Voter suppression spreads from state to state to disenfranchise millions, from Georgia to the Dakotas, to Texas and beyond. If one lacks a street number address, or an ID card, or has ever committed a felony, or hasn’t voted recently, or doesn’t sign a ballot according to their birth certificate name, or any other number of technical errors—they are denied their rights as citizens. What was formerly ‘Jim Crow’ for blacks in the South has become a de facto ‘Jim Crow Writ Large’ encompassing even more groups across a growing number of states in America.
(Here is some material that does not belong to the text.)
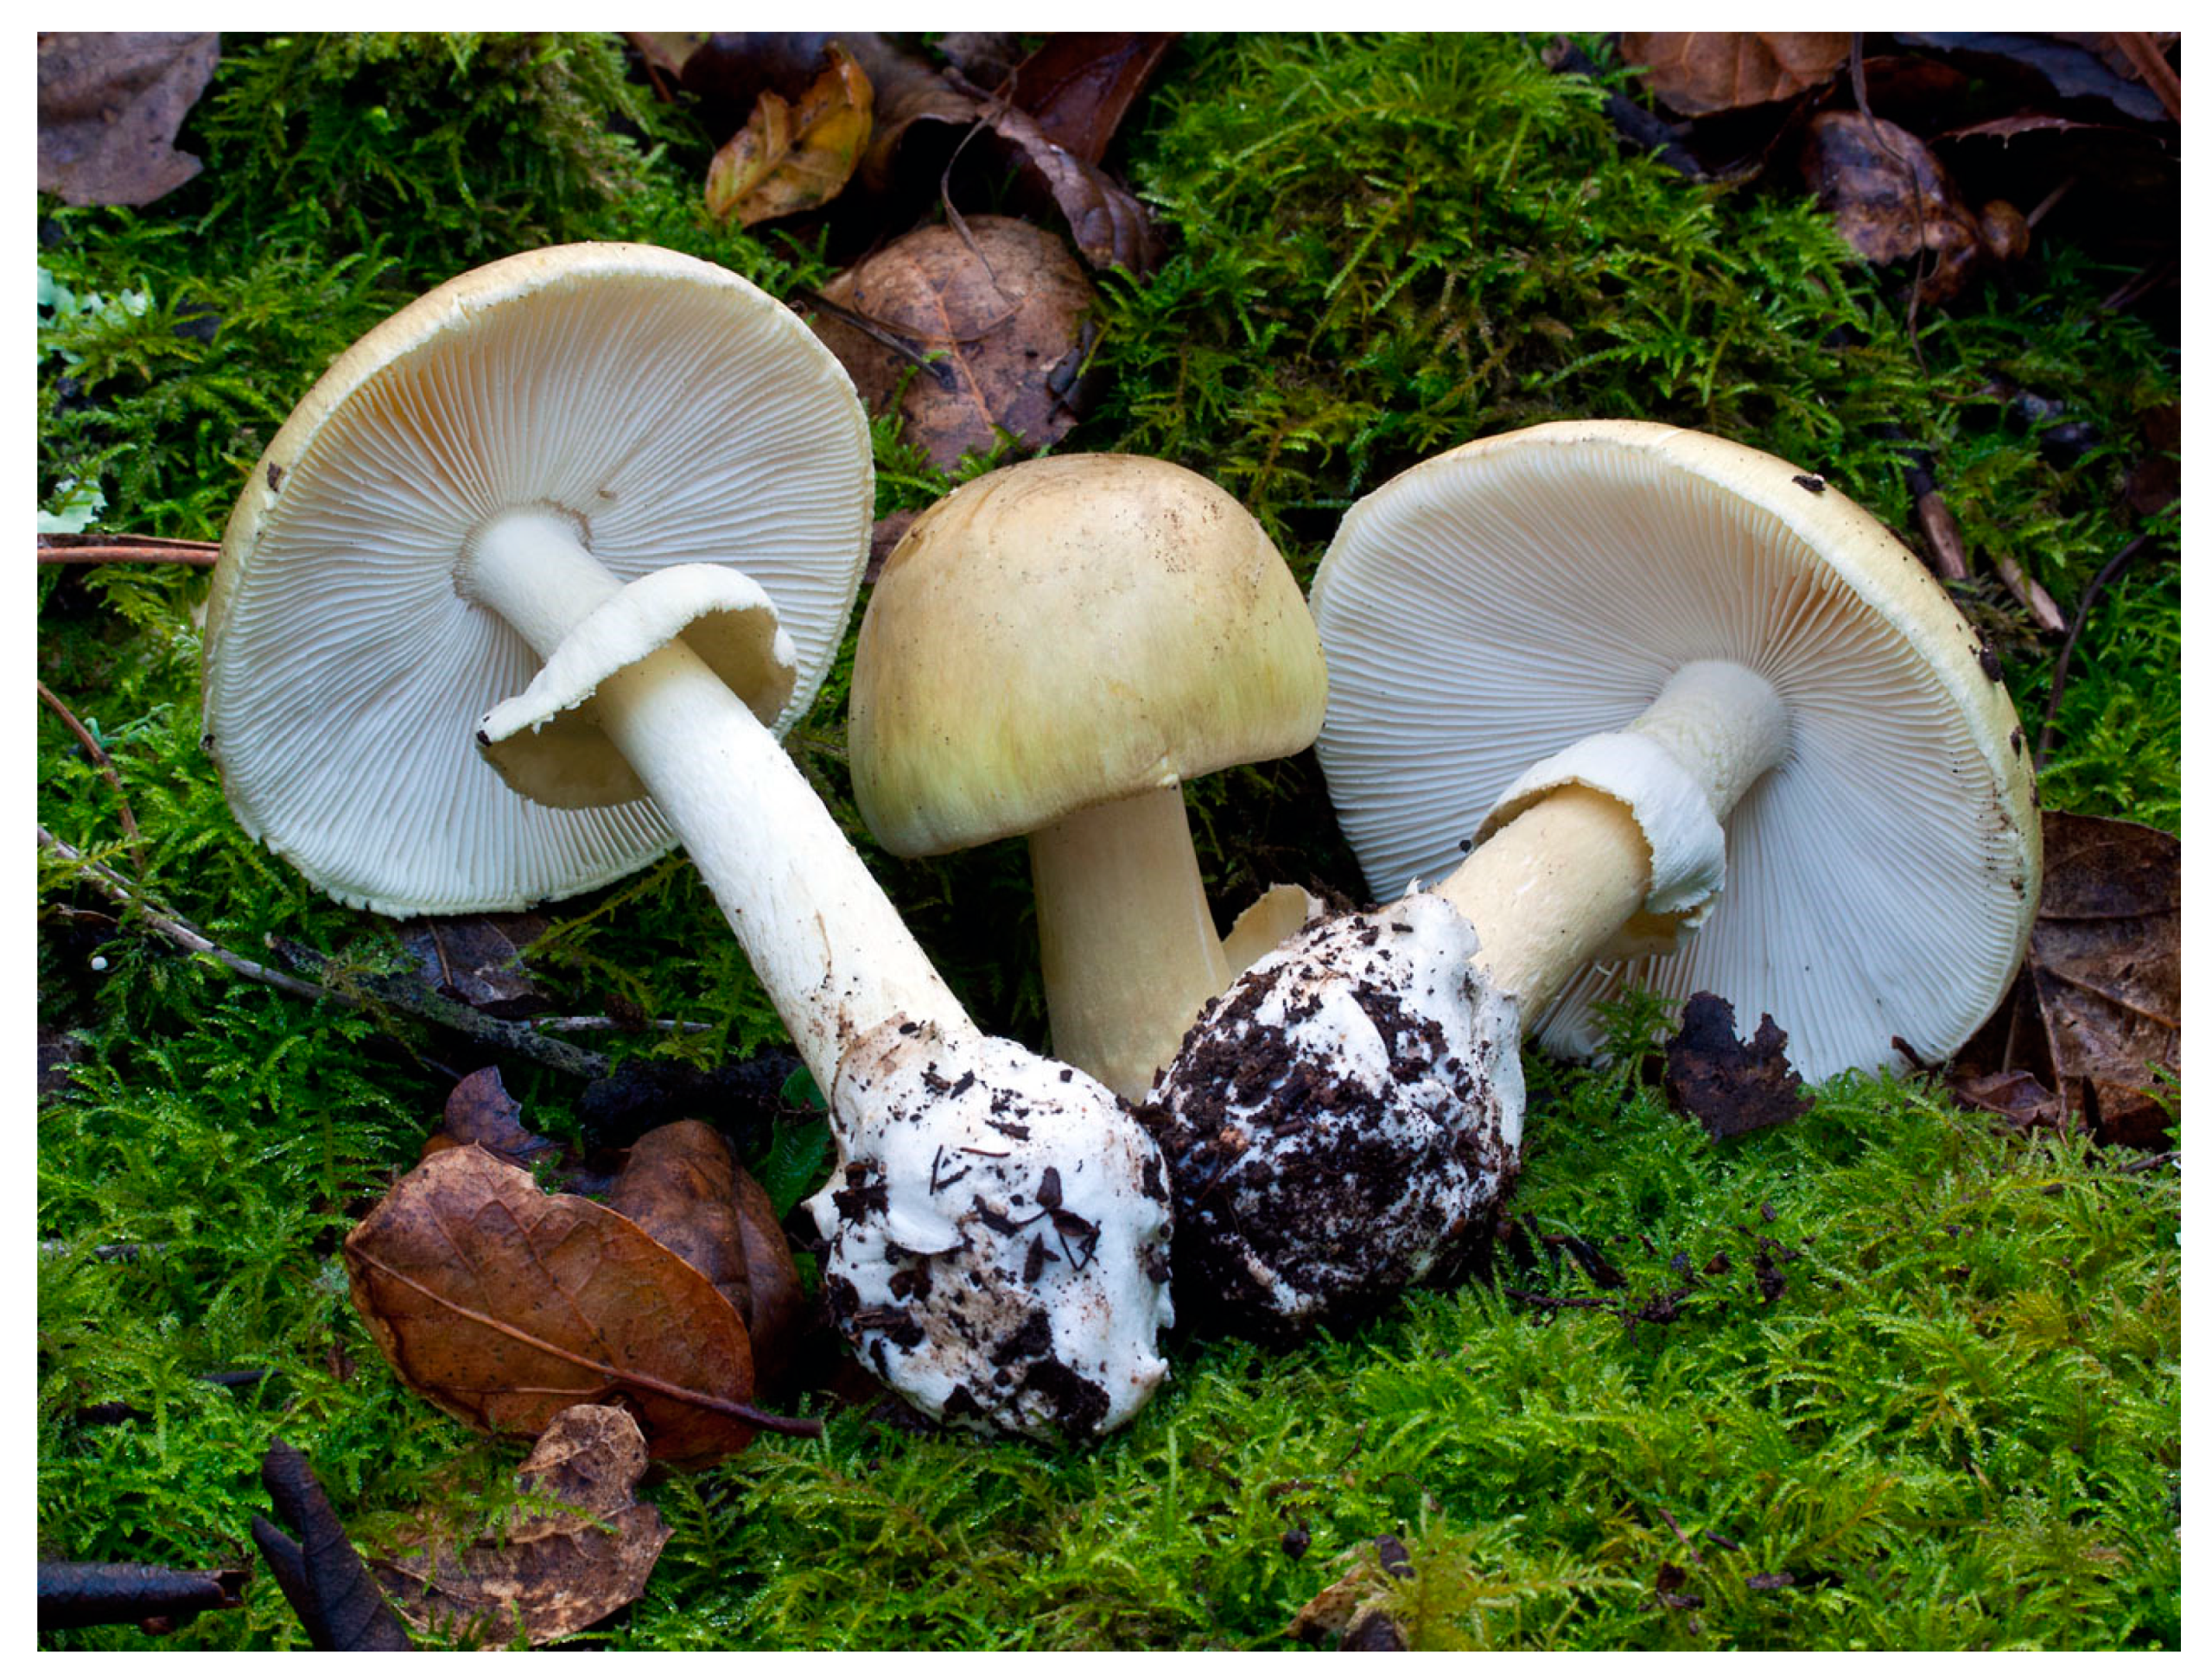 Поганка пластинчатая. Бледная поганка гриб. Аmanita phalloides – бледная поганка. Ядовитые грибы белая боганка. Бледная погоганка гриб.

A sense of growing political disenfranchisement adds to the feeling that the country is politically unraveling as well—adding to the concurrent fears about growing physical insecurity, worsening economic inequality and declining economic opportunities, and an America mired in never ending wars. An America in which it is evident that political elites are increasingly committed to policies of redistribution of national wealth to the wealthiest. An America where more fear that technology may be taking us too far too fast. An America where the culture grows meaner, nastier and more decadent, where lies are central to the political discourse, and where political institutions no longer serve the general welfare but rather a narrow social and economic elite who have bought and captured those institutions.

And, not least, an America where politicians seem intent on drifting toward a nationalism on behalf of a soon to be minority White America—i.e. politicians who are willing to endorse violence and oppression of the rest in order to opportunistically assume and exercise power by playing upon the fears, anxieties, and insecurities as the unraveling occurs.